**Exercise**
Every line below should be copied exactly; drop the pictures.

**Data segment**
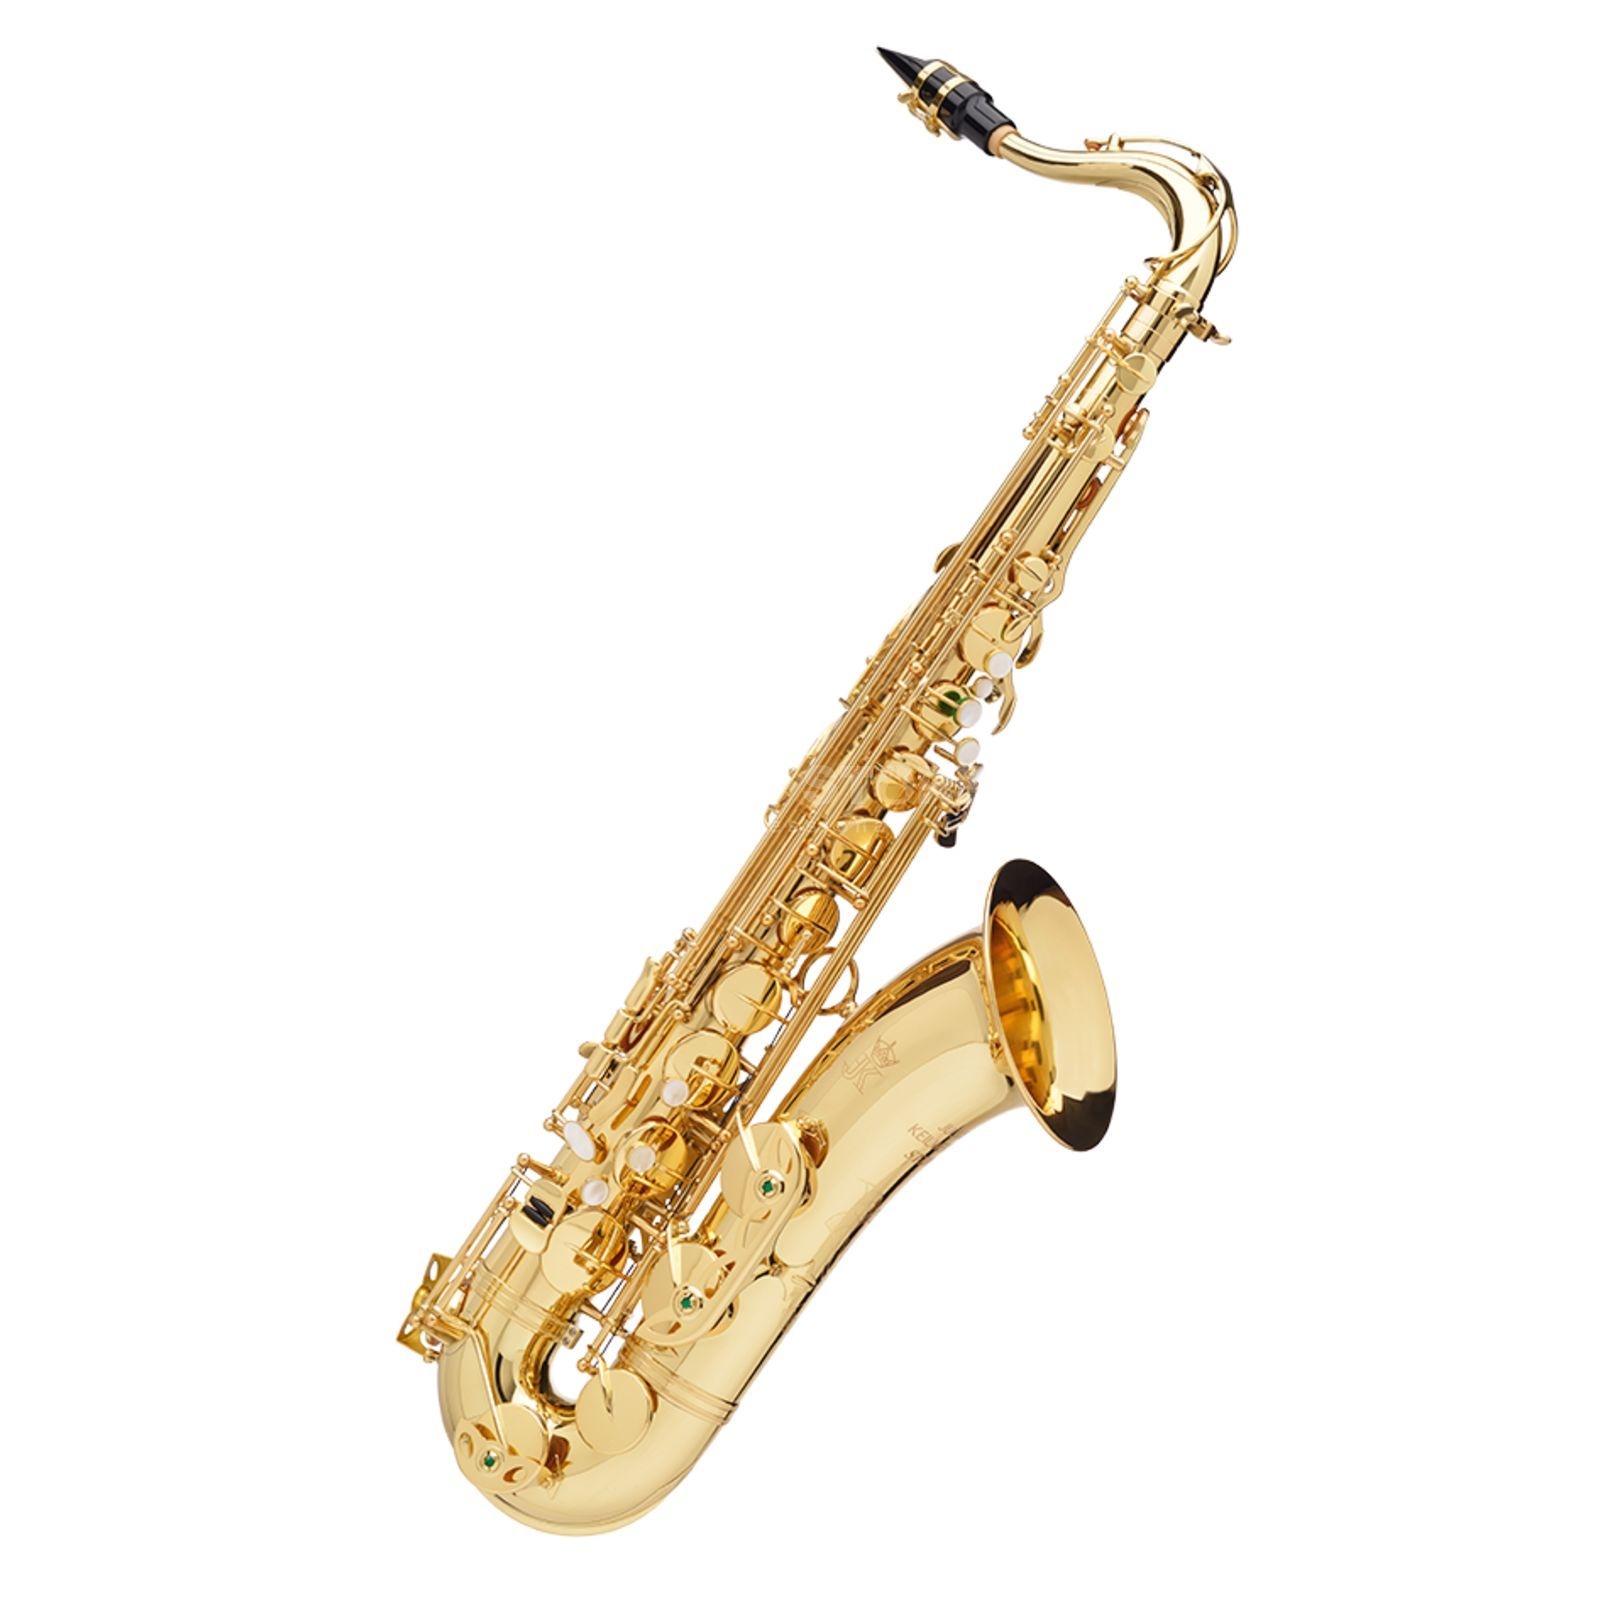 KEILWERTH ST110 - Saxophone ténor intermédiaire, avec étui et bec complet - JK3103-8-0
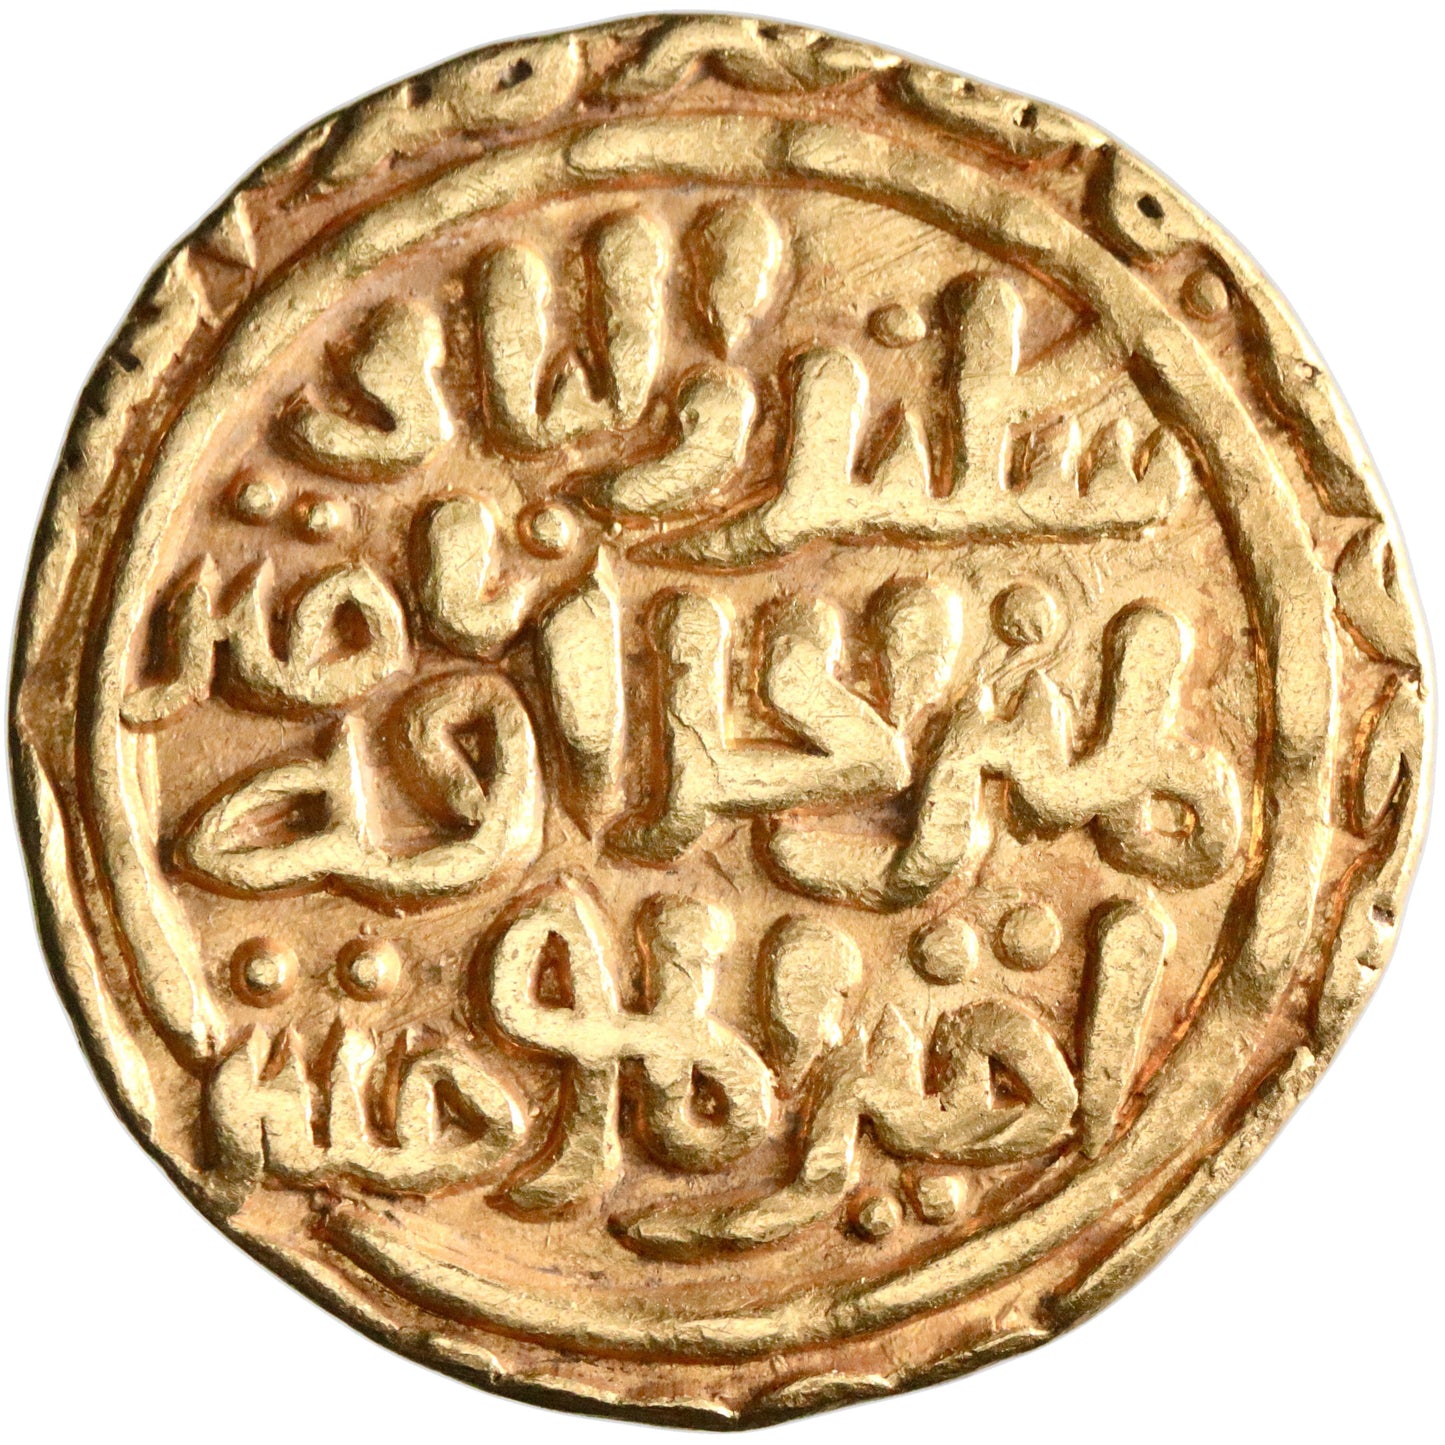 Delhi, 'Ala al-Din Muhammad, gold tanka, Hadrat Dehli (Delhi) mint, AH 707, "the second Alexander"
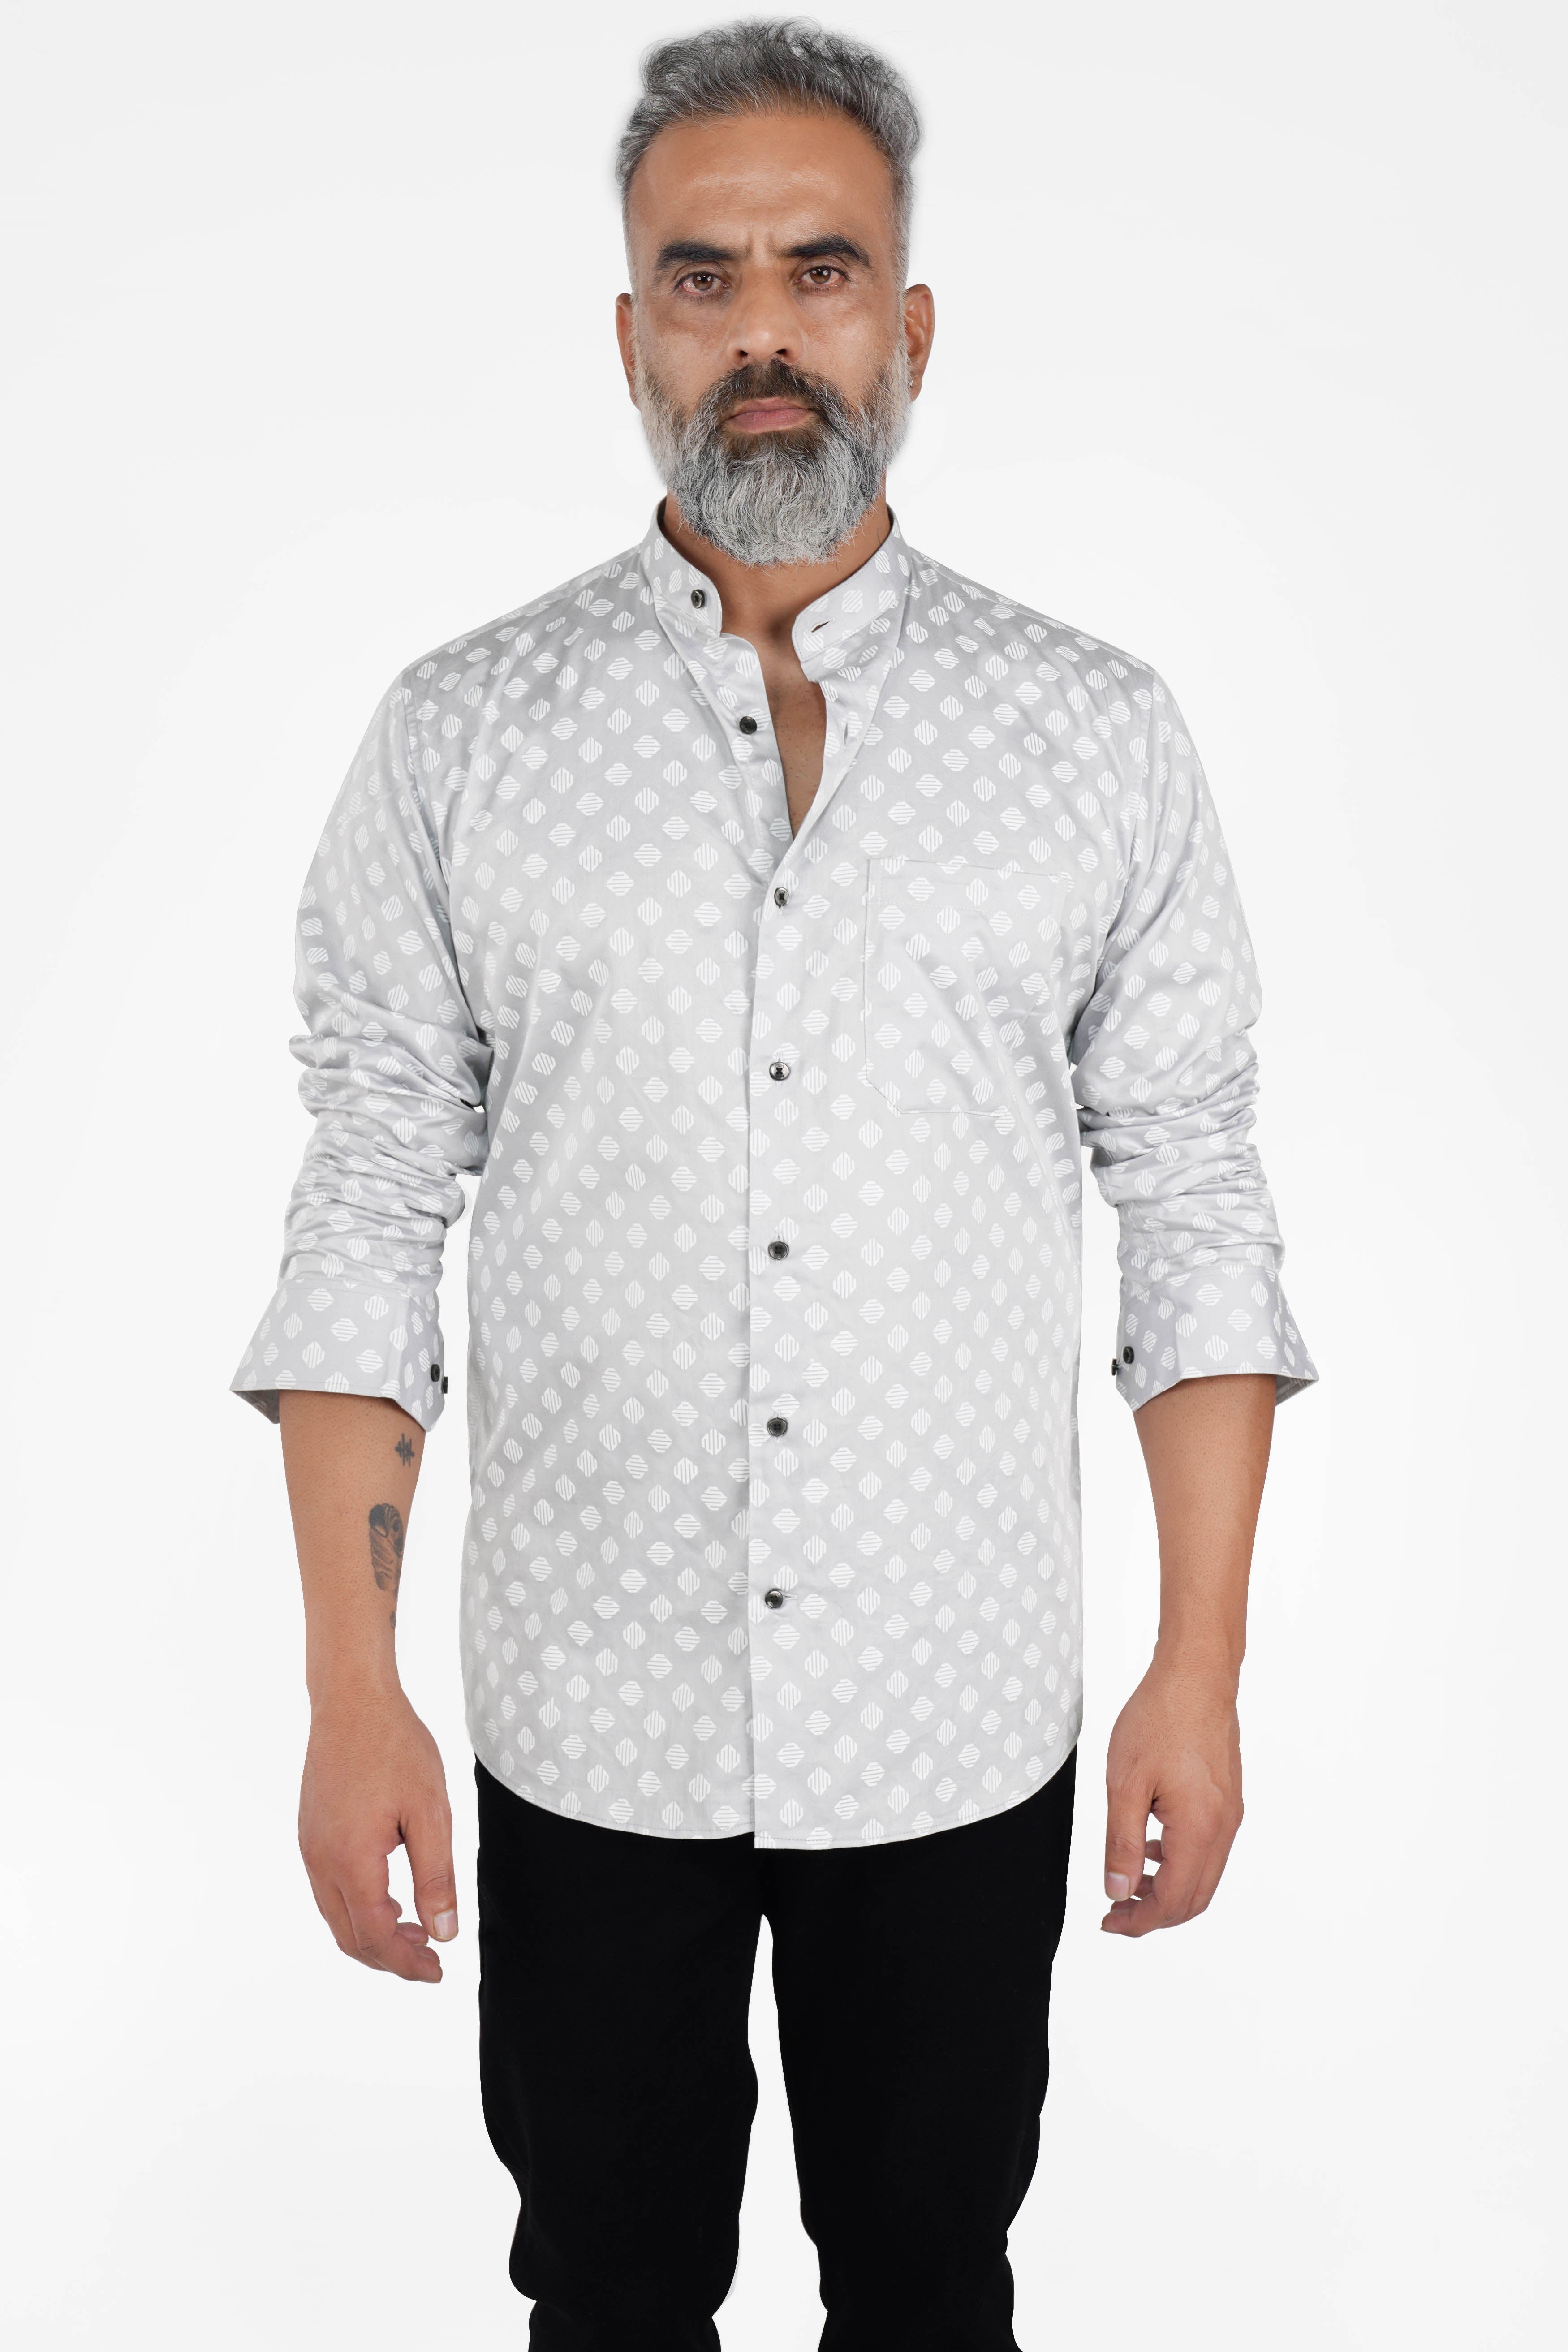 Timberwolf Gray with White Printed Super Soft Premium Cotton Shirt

**Response**
 KEILWERTH ST110 - Saxophone ténor intermédiaire, avec étui et bec complet - JK3103-8-0
 Delhi, 'Ala al-Din Muhammad, gold tanka, Hadrat Dehli (Delhi) mint, AH 707, "the second Alexander"
 Timberwolf Gray with White Printed Super Soft Premium Cotton Shirt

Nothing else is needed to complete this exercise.